We can represent graphs in a computer program in either of two ways. Suppose that a graph has V vertices numbered 0 through V - 1. We can represent the graph using adjacency-matrix representation as a two-dimensional matrix A of booleans, with dimensions V x V. In this representation, A[i, j] is true if and only there is an edge from vertex i to vertex j. If the graph is undirected, then A[i, j] = A[j, i], and so we may optionally save space by storing only the matrix elements above the main diagonal, i.e. elements for which i < j.

Here is a Pascal data type for storing a graph in adjacency-matrix representation, where each vertex is named with a string:

type
  graph = record
    name: array of string;
    adj: array of array of boolean;
  end;

Or we can use adjacency-list representation, in which for each vertex u we store a list of its adjacent vertices,. Here is a Pascal type for a graph in adjacency-list representation:

  node = record
    name: string;
    adj: array of integer;    // adjacency list
  end;

  graph = array of node;

When we store an undirected graph in adjacency-list representation, then if there is an edge from u to v we store u in v’s adjacency list and also store v in u’s adjacency list.

We can store any information that we like in a graph node. In the examples above we have used a string, but you can replace that with any fields that you like, or with no fields at all.

Adjacency-matrix representation is more compact if a graph is dense. It allows us to immediately tell whether two vertices are connected, but it may take O(V) time to enumerate a given vertex’s edges. On the other hand, adjacency-list representation is more compact for sparse graphs. With this representation, if a vertex has e edges then we can enumerate them in time O(e), but determining whether two vertices are connected may take time O(e), where e is the number of edges of either vertex. Thus, the running time of some algorithms may differ depending on which representation we use.

In this course we will usually represent graphs using adjacency-list representation. Each vertex will have a unique integer ID.

Here is a function readGraph that reads an undirected graph in which nodes are named by strings. It uses the adjacency-list graph type defined above, and assigns integer IDs to the nodes as it creates them.
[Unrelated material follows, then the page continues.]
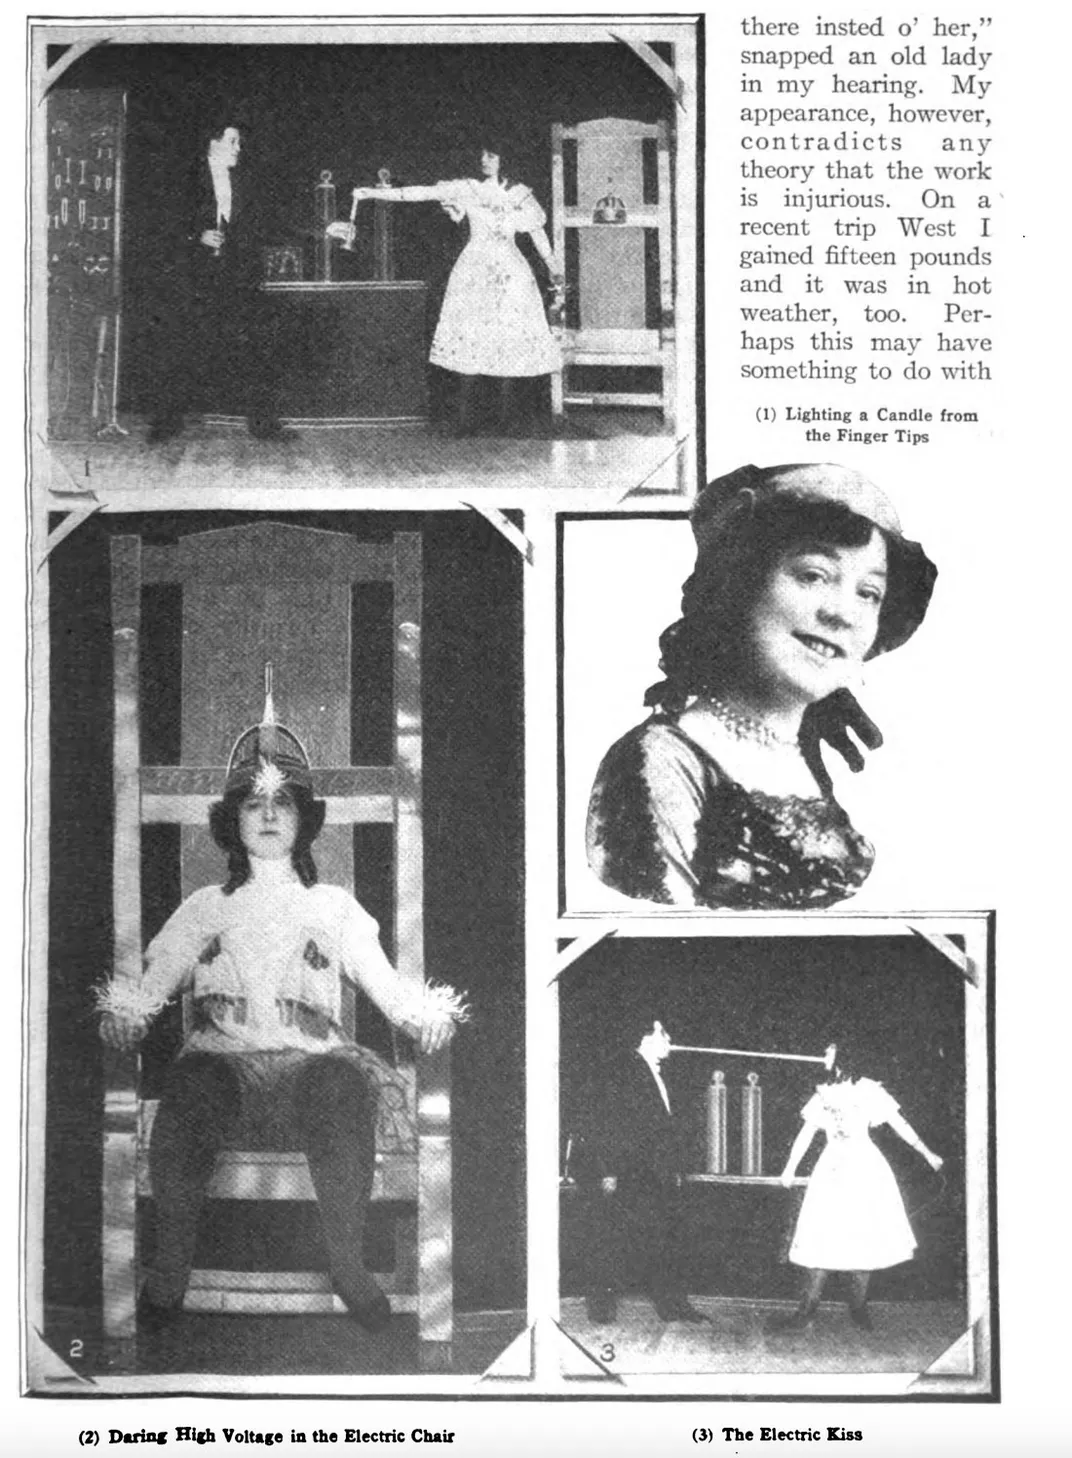 Photos from a 1913 magazine article about the sideshow performer Electrice

Each line of the input contains two words, e.g.

dog cat

This indicates that the nodes named "dog" and "cat" are neighbors, i.e. an edge should exist between them.

// Find a node by name, or create it if it doesn't already exist
function findNode(var g: graph; name: string): integer;
var
  i: integer;
begin
  for i := 0 to high(g) do
    if g[i].name = name then exit(i);
    
  setLength(g, length(g) + 1);
  g[high(g)].name := name;
  exit(high(g));
end;

// Create an directed edge between two graph nodes
procedure connect(var g: graph; i, j: integer);
begin
  setLength(g[i].adj, length(g[i].adj) + 1);
  g[i].adj[high(g[i].adj)] := j;
end;

function readGraph(filename: string): graph;
var
  input: text;
  g: graph;
  s: string;
  i, j, p: integer;
begin
  assign(input, filename);
  reset(input);
  setLength(g, 0);
  
  while not eof(input) do
    begin
      readln(s);
      p := pos(s, ' ');
      i := findNode(g, s[1 .. p - 1]);
      j := findNode(g, s[p + 1 .. length(s)]);
      connect(g, i, j);    // connect i -> j
      connect(g, j, i);    // connect j -> i
    end;

  close(input);
  exit(g);
end;

a graph of Europe

Here is an undirected graph where each node is a country in the European Union. There is an edge between every two neighboring countries, and also between any two countries connected by a car ferry (in this case appearing as a dashed line). Thus, two countries are connected by an edge if it is possible to drive from one to the other. We will use this graph to illustrate various algorithms in the following sections.

map


depth-first search

In this course we will study several algorithms that can search a graph, i.e. explore it by visiting its nodes in some order.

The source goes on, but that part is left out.